Unfortunately, we’d gotten our timing wrong, and had to wait more than three hours for the horses to go on the block.

During that time, I saw dozens of cows, bulls, steers and calves run through the half-moon shaped pen, that was also a scale, and sold by the pound.

The process was quick, and there were about 30 people in the small indoor amphitheater bidding and watching. I wondered how the wild horses would react to the shaky metal floor, slamming doors, and the odd enclosure into which they’d be driven and separated from their herd. An auction yard has no place for natural horsemanship.

Finally, the bovines were all sold. The bidding ranchers in their crisp, starched Wranglers and Stetson hats left the building. Several cowboys were in the stands, mostly canner bidders. There were also some “grade” domestic horses in the sale.

These horses are victims of the poor economy, high hay prices, and the fact that few little girls long for horses as they did in decades past.

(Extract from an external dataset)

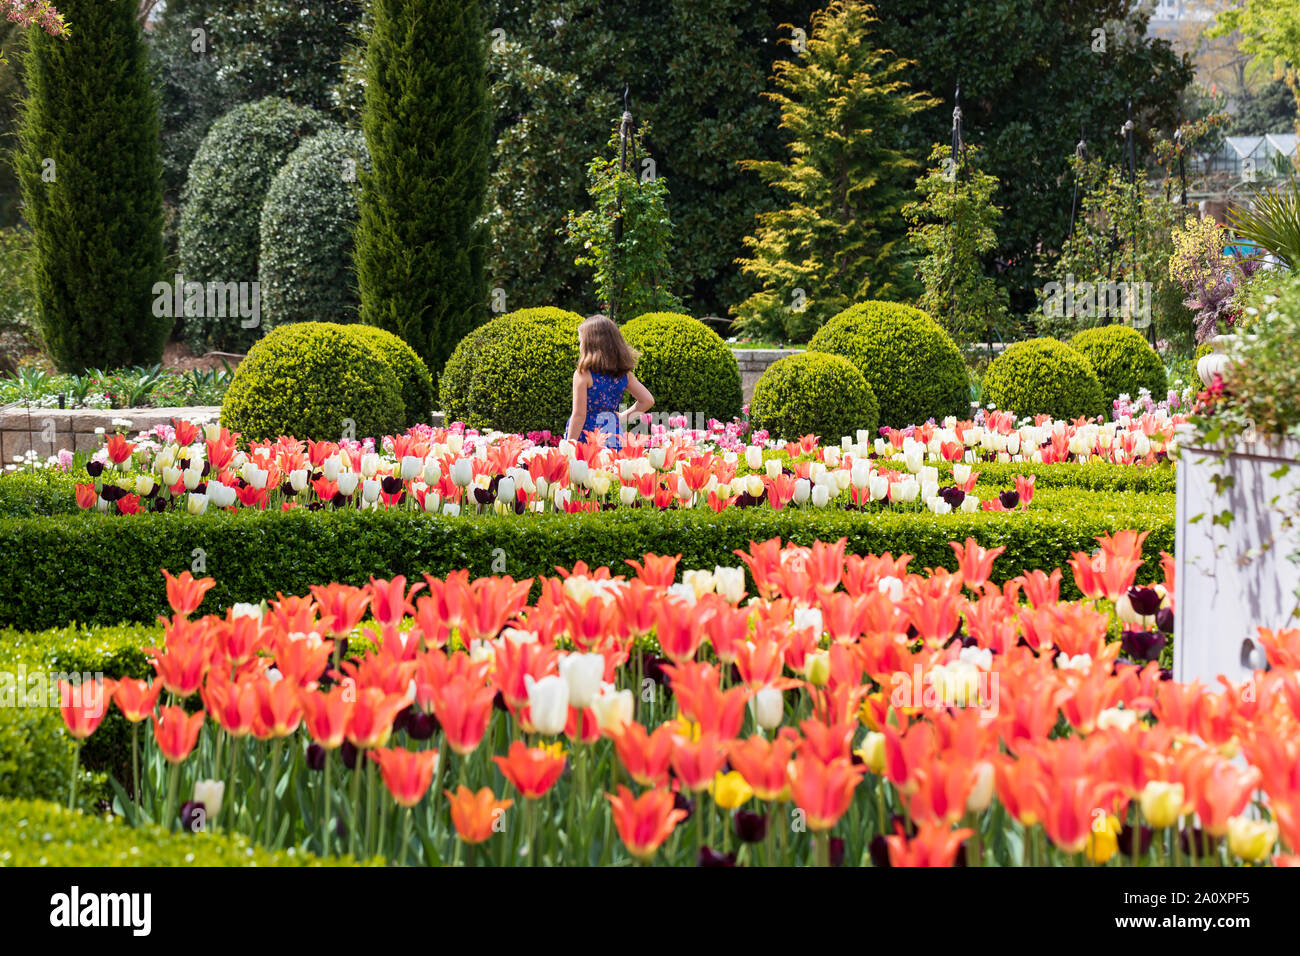 A young girl enjoys the tulips at Atlanta Botanical Garden Stock Photo

A nice quarter horse or Arabian that would have sold for $1,000 10 years ago, goes for around a hundred. People bidding on these horses have no concern for how well they’re trained, or if they have a friendly personality. Their only interest is in their weight. Now, that horse will sell for around $100, get loaded on a truck with 26 others, and make the long haul to a slaughter house in Canada or Mexico, with no stop to relieve themselves outside of the trailer, or even a drink of water. This is the fate of the free horses that you see on Craigs List every day. Most of them end up at an auction yard.

But this is the sixth auction of estray horses trapped by the NDA since September, attended by the wild horse advocates. It’s easy to pick them out in the crowd: middle-aged women, sitting in groups.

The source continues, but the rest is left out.